The Massachusetts Senate Thursday night unanimously passed an education reform bill that would invest a new $1.5 billion in the state’s public K-12 education system over the next seven years with a focus on providing resources that will help low-income students.
The bill aims to funnel additional money into the state’s public education system in a way that would boost every district without reliance on new or increased taxes to pay for the investment.
The Student Opportunity Act, which passed 39-0, “modernizes K-12 education funding” according to a statement from Senate President Karen E. Spilka’s office.
Specifically, the bill increases special education enrollment and cost assumptions to more accurately reflect district enrollment, increases funding for English learners that is differentiated by grade level to reflect the greater resources required to educate older students, the statement said.

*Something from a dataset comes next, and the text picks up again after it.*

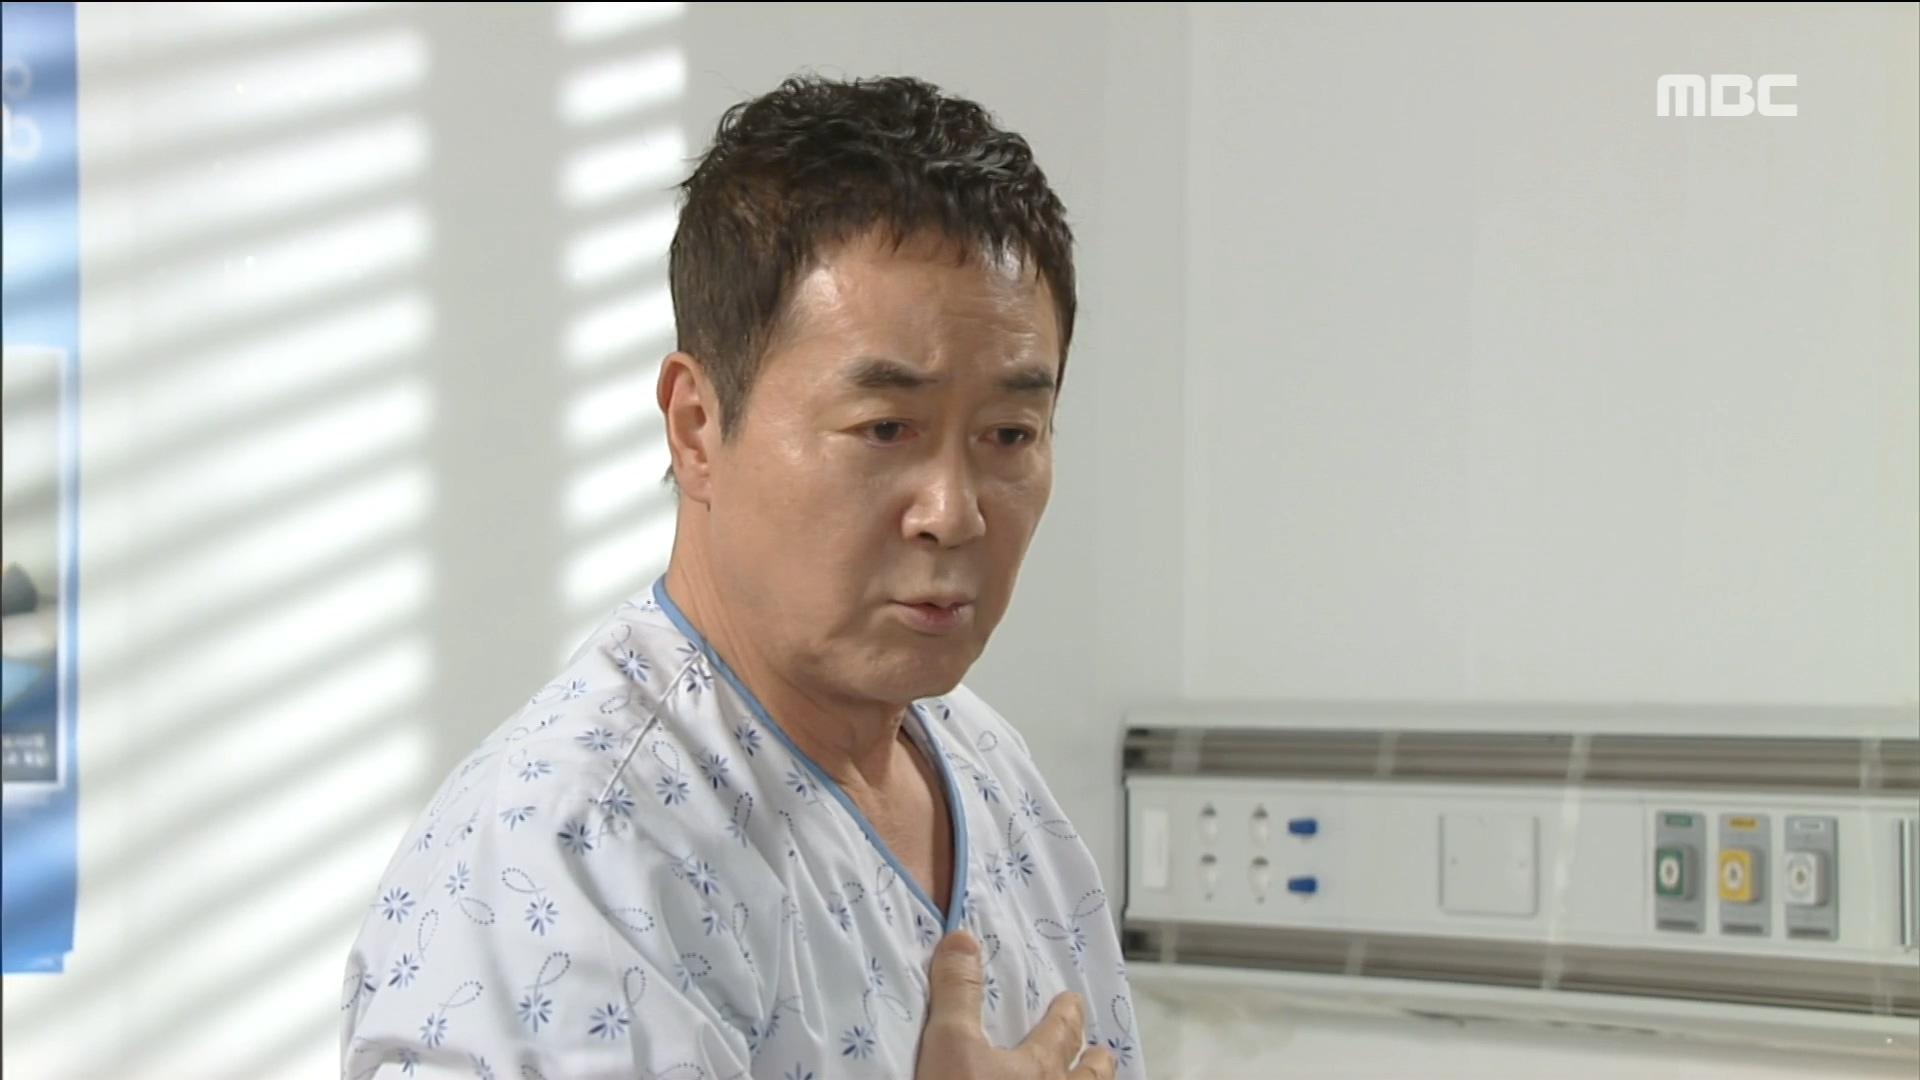 최종 부적합 판정받은 한진희, 기쁨의 환호?!

It also provides additional funding based on the share of low-income students in each district, and defines “low-income” as 185 percent of the federal poverty level, rather than the 133 percent level that has been used in recent years, according to Spilka’s office.
“With the passage of the Student Opportunity Act, the Senate is reaffirming its commitment to the idea that providing a quality public education is not a luxury—it is both our greatest responsibility and our greatest opportunity as a state,” said Spilka, an Ashland Democrat, in the statement.
State Senator Jason Lewis, a Winchester Democrat, said the bill’s passage “marks a bold step into the 21st century for our public schools of Massachusetts and for all future generations of students.”
Daniel McDonald of the Globe staff contributed to this report.